Repository files navigation

=                                                                               
           _  _                                                                
          ( `   )_                                                             
         (    )    `)                                                          
       (_   (_ .  _) _)                                                        
                                      _                                        
                                     (  )                                      
      _ .                         ( `  ) . )                                   
    (  _ )_                      (_, _(  ,_)_)                                 
  (_  _(_ ,)                                                                   
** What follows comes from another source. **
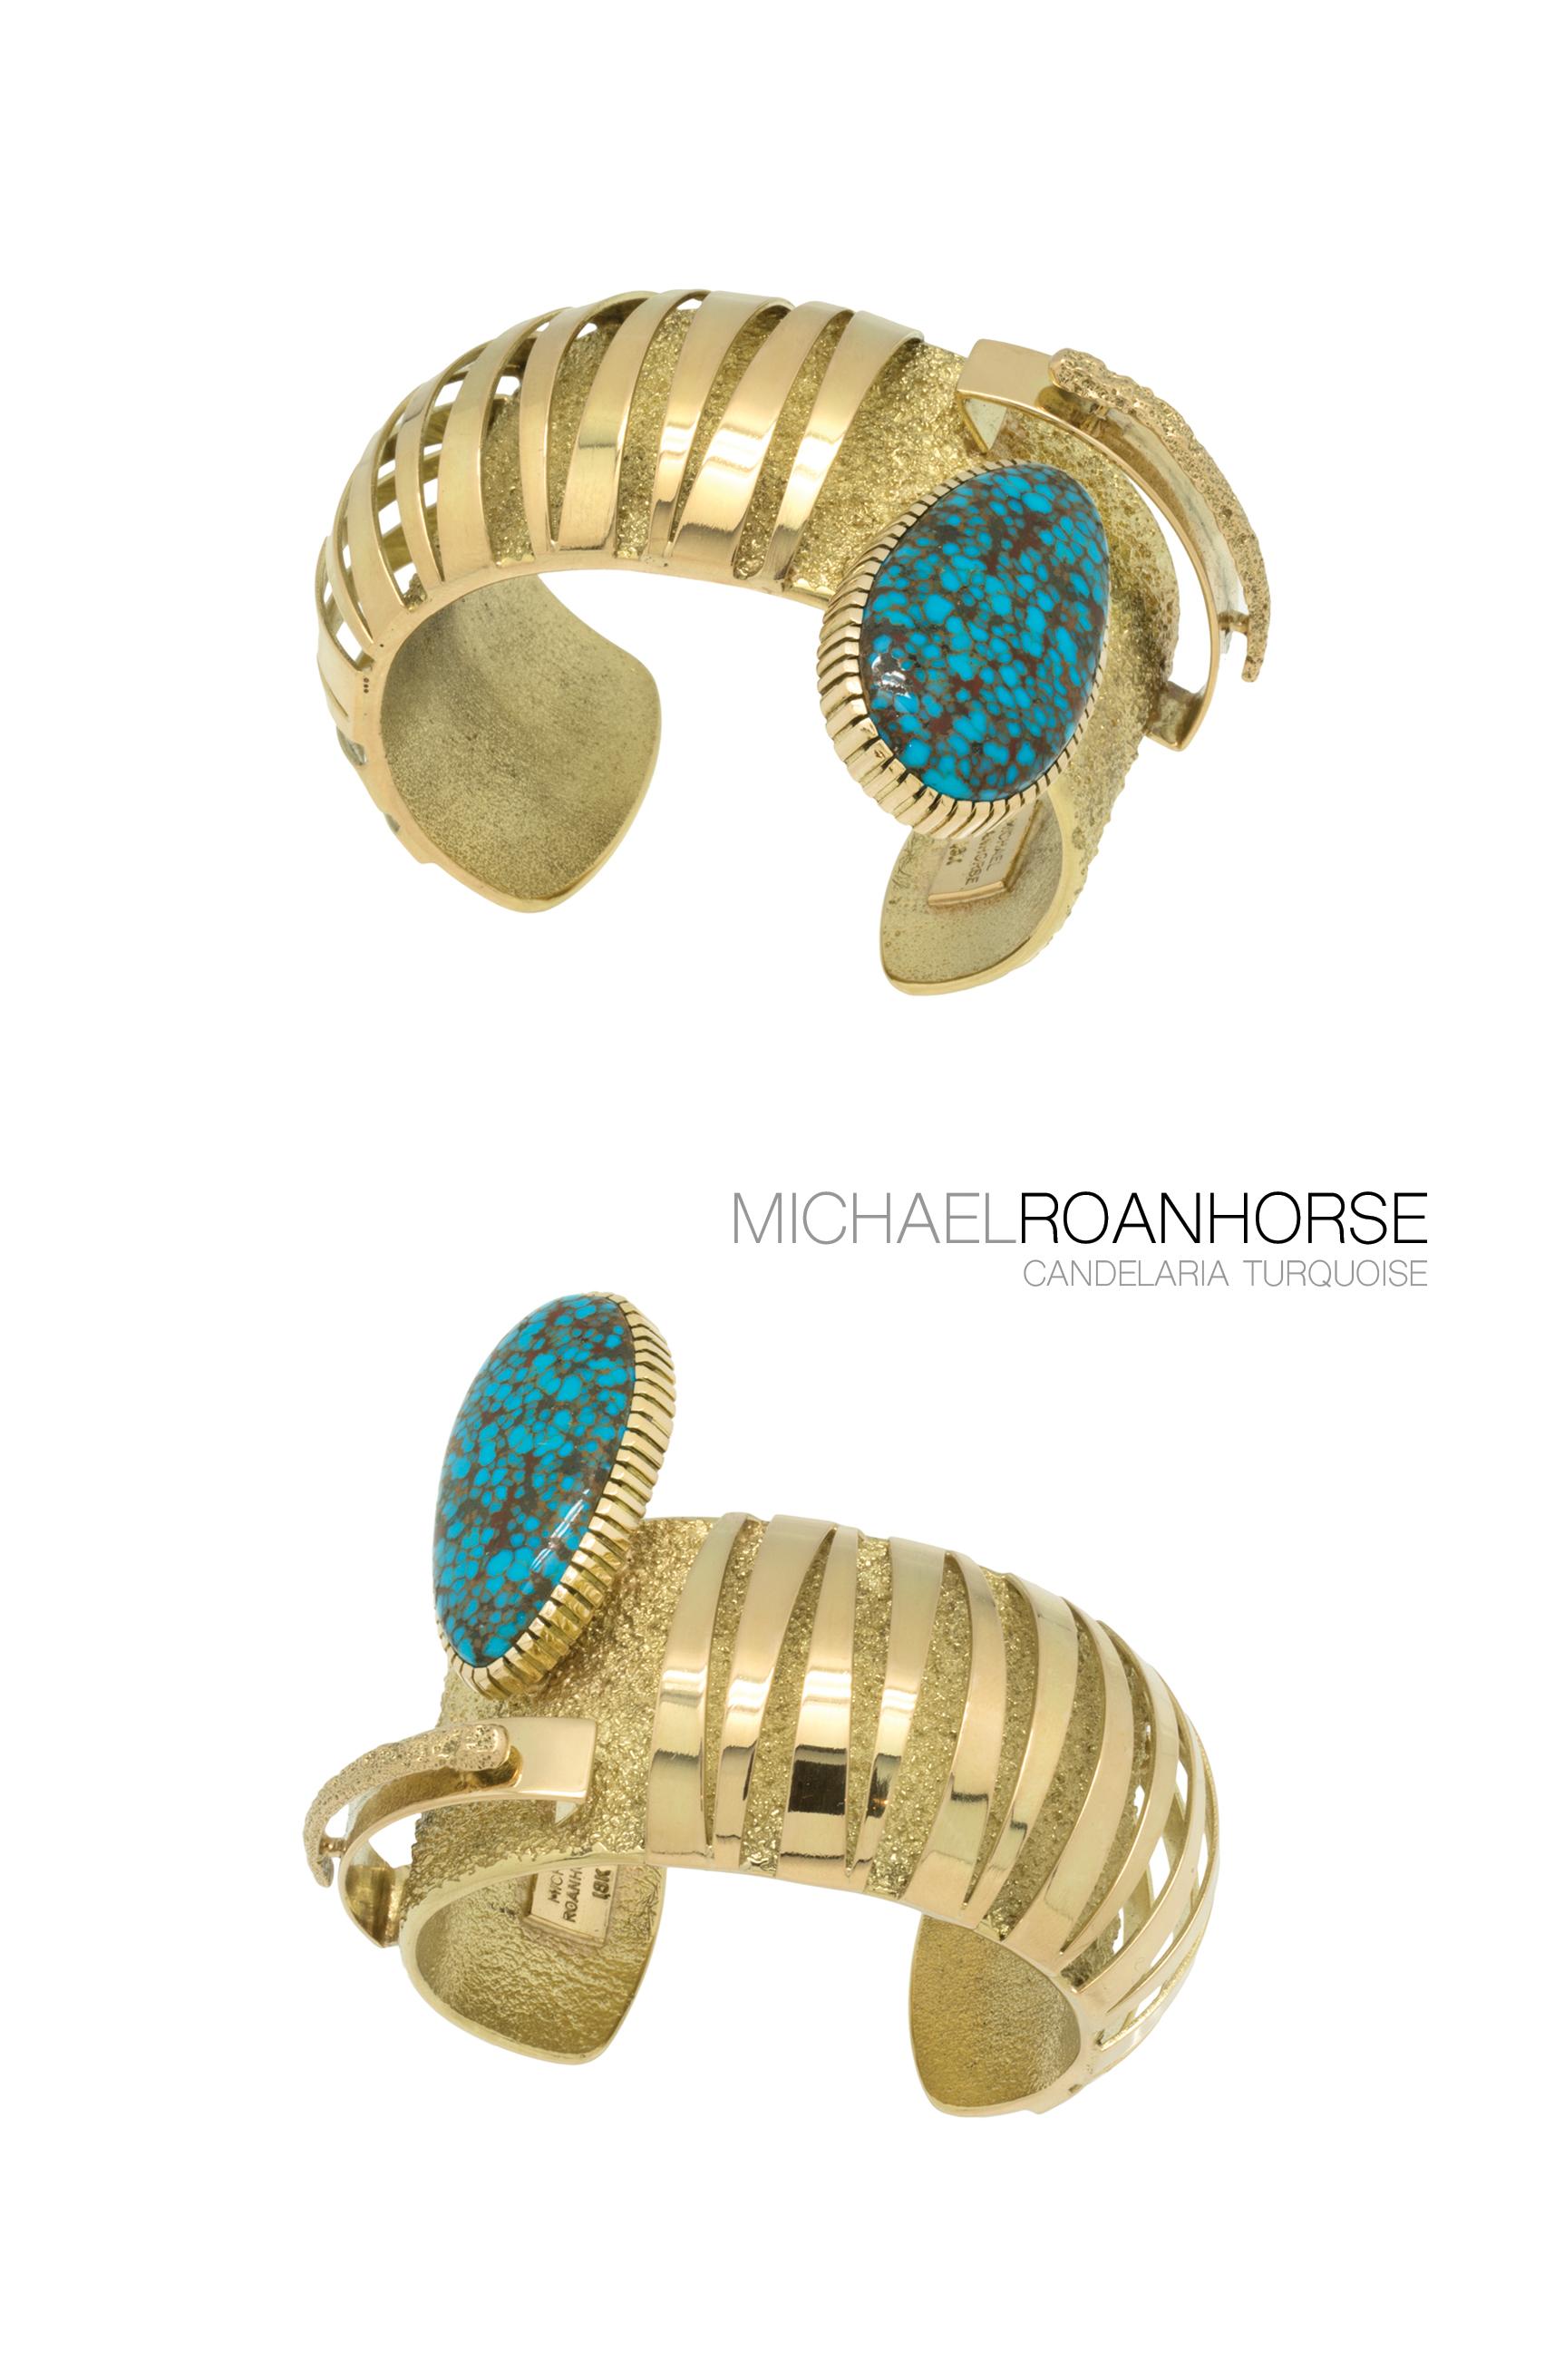 18k gold bracelet with Candelaria turquoise

                                                                               
           _  _               ___ _             _  ___                   _     
          ( `   )_           / __| |___ _  _ __| |/ __|_ _ _____ __ ____| |    
         (    )    `)       | (__| / _ \ || / _` | (__| '_/ _ \ V  V / _` |    
       (_   (_ .  _) _)      \___|_\___/\_,_\__,_|\___|_| \___/\_/\_/\__,_|    
                                                                               
                                                     _                         
                                                    (  )                       
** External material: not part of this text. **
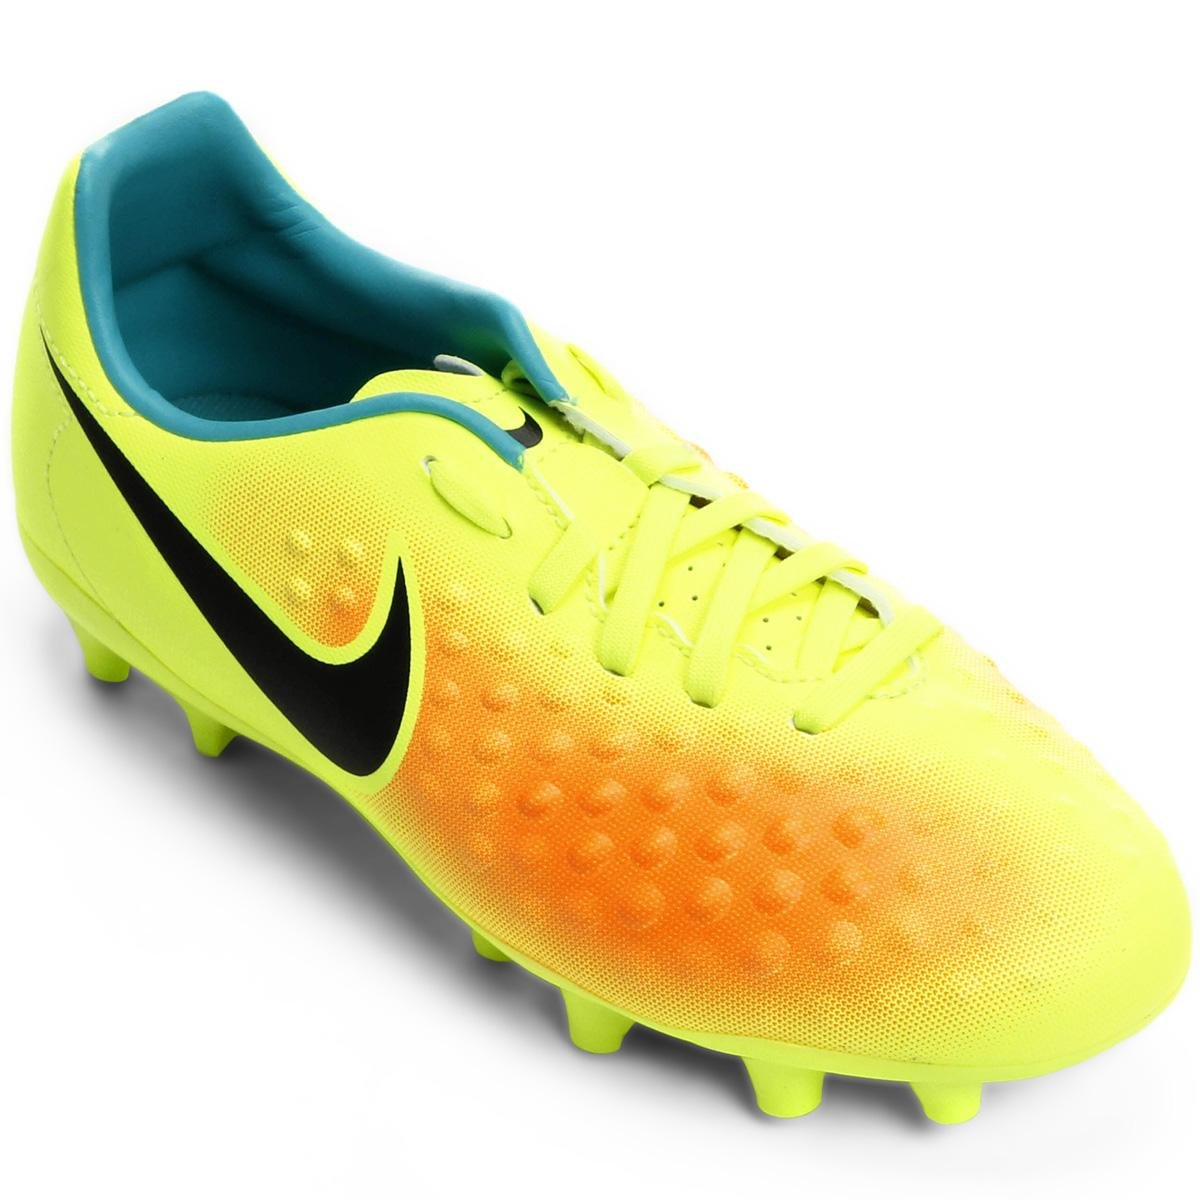 Chuteira Campo Infantil Nike Magista Opus II FG - Compre Agora ... 7e0a0b835e45d

                  _, _ .                         ( `  ) . )                    
                 ( (  _ )_                      (_, _(  ,_)_)                  
               (_(_  _(_ ,)                                                    
                                                                               
                                                                               
                                                                               
  ~ CloudCrowd ~

    * Parallel processing for the rest of us
    * Write your scripts in Ruby
    * Works with Amazon EC2 and S3
    * split -> process -> merge
    * As easy as `gem install cloud-crowd`

    Well-suited for:
    
    * Generating or resizing images.
    * Encoding video.
    * Running text extraction or OCR on PDFs.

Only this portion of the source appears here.